Checks the rate of specific events in the Event Management System log.
$ check_netapp_ems event-rate -H <host> [...] [--help]
This plugin reads the event log and counts the number of events within a given lookbehind-period.
A typical usage scenario is counting the number of autosize-events within the last hours. A high rate of such events could be interpreted as a sign for volumes getting too small.
--name
Name of EMS events whose rate should get calculated. If omitted all events are counted. A string prefixed with a tilde (~string
) is matched like a regular expression. See examples below.
--lookbehind
Time-period for calculating the rate of matching EMS events. Must be a positive integer followed by a time-unit: s(econd), min(ute), h(our), d(day), w(eek). Defaults to 1h.
--rate
Rate used for presenting the result in the message and the thresholds. Can be per_second
, per_minute
, per_hour
, per_day
or per_week
.
--warning
/ --critical
: Thresholds for the rate. The threshold is written as a pure number without any unit. The thresholds unit is taken from the --rate
-parameter.
Examples:
--rate=per_second --warning=3
→ warns if more than 3 events per second
--rate=per_week --warning=3
→ warns if more than 3 events per week
This has changed since v1.1.0 of the plugins!
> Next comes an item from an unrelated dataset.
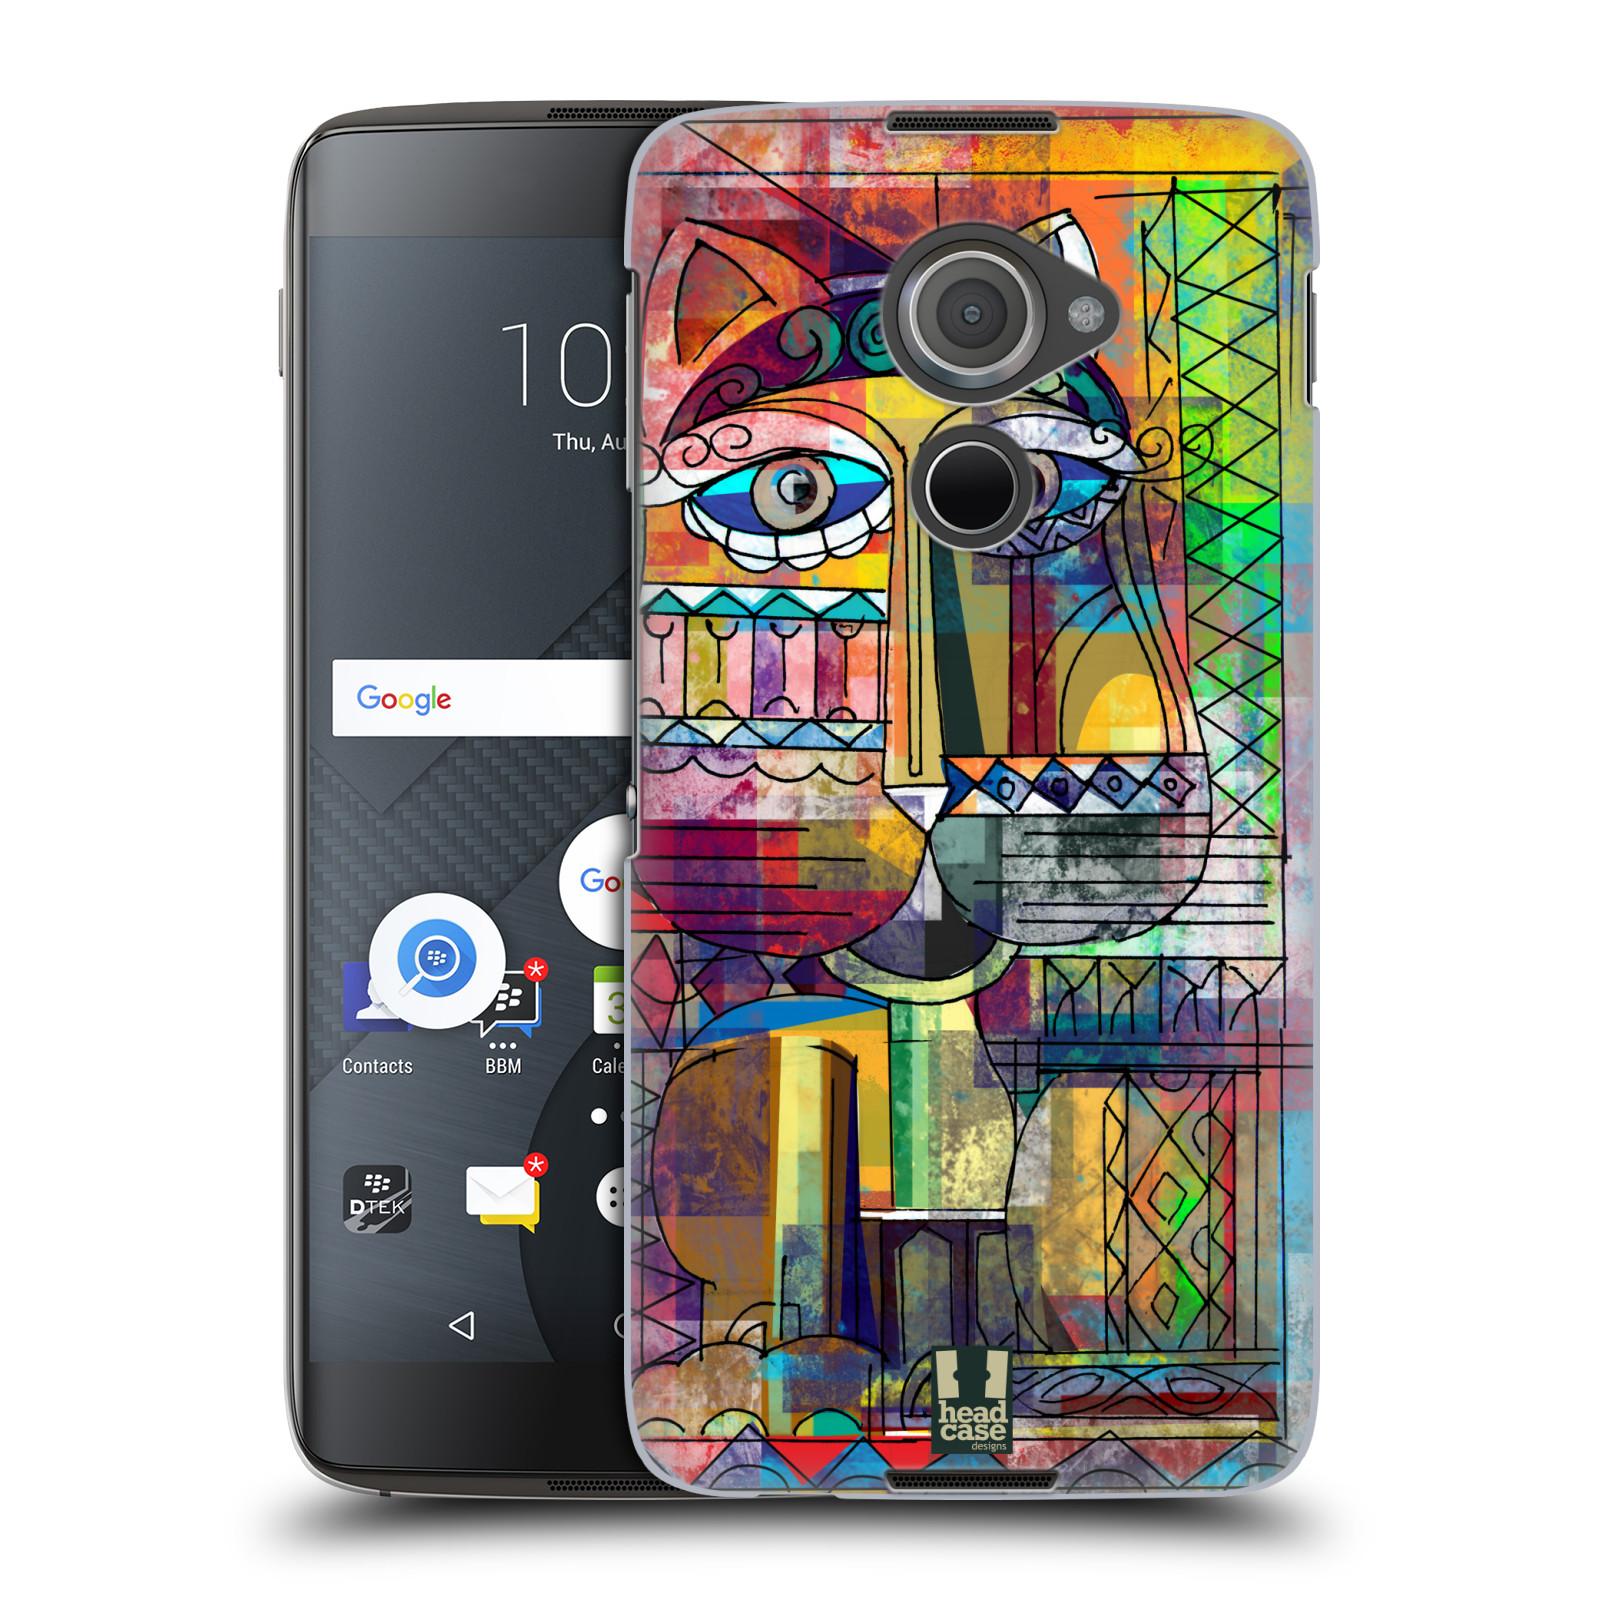 Plastové pouzdro na mobil Blackberry DTEK60 (Argon) - Head Case AZTEC KORAT

Please check existing configurations from older versions.
For all other parameters consult --help
on the commandline.
The lookbehind-period starts from the latest, matching event. All matching events within this period are added and divided trough the periods number of seconds. This rate is then recalculated according to --rate
and finally displayed as events per time-unit in the checks output.
./check_netapp_ems event-rate -H sim96
Rate of EMS events during the last hour: 4.45/minute
...
A first, probably not very useful example. It just calculates the number of events (any event!) per minute within the last hour.
./$ check_netapp_ems event-rate -H filer --name=wafl.vol.autoSize.done
Rate of wafl.vol.autoSize.done EMS events during the last hour: 0.01/minute
...
Monitors the number of wafl.vol.autoSize.done events.
./$ check_netapp_ems event-rate -H filer --name=wafl.vol.autoSize.done --rate=per_day
Rate of wafl.vol.autoSize.done EMS events during the last hour: 14.40/day
...
Same as above but displays the rate as number of autosize-events per day.
The calculation is still based on the last hour (the default value for --lookbehind
.) See the next example on how to change that.
./$ check_netapp_ems event-rate -H filer --name=wafl.vol.autoSize.done --rate=per_day --lookbehind=1d
Rate of wafl.vol.autoSize.done EMS events during the last 24 hours: 13.82/day
...
Using a regular expression (regex) allows to monitor similar but not exactly equal events. E.g. to monitor any raid event:
$ check_netapp_ems event-rate -H sim96 --name="~^raid\." --rate=per_hour
Rate of ~^raid\. EMS events during the last hour: 157.27/hour
Using raid.rg.media_scrub will reduce that to counting media-scrub events only:
$ check_netapp_ems event-rate -H sim96 --name="~^raid\.rg\.media_scrub" --rate=per_hour
Rate of ~^raid\.rg\.media_scrub EMS events during the last hour: 127.67/hour
And setting --name
to a string (no tilde in front), will count only events whose name equals exactly:
$ check_netapp_ems event-rate -H sim96 --name=raid.rg.media_scrub.done --rate=per_hour
Rate of raid.rg.media_scrub.done EMS events during the last hour: 37.44/hour
Using the ^
sign in front of the expression, anchors it to the beginning of the text and assures that only events whose name starts with raid are counted. Omitting the ^
would make the regex match also a name like somtext.raider.somthing
which is probably not what you intended.
Also do not forget to escape regex-active characters like the dot (would match any character). Especially on the commandline you should also quote the whole regex as seen in the example above.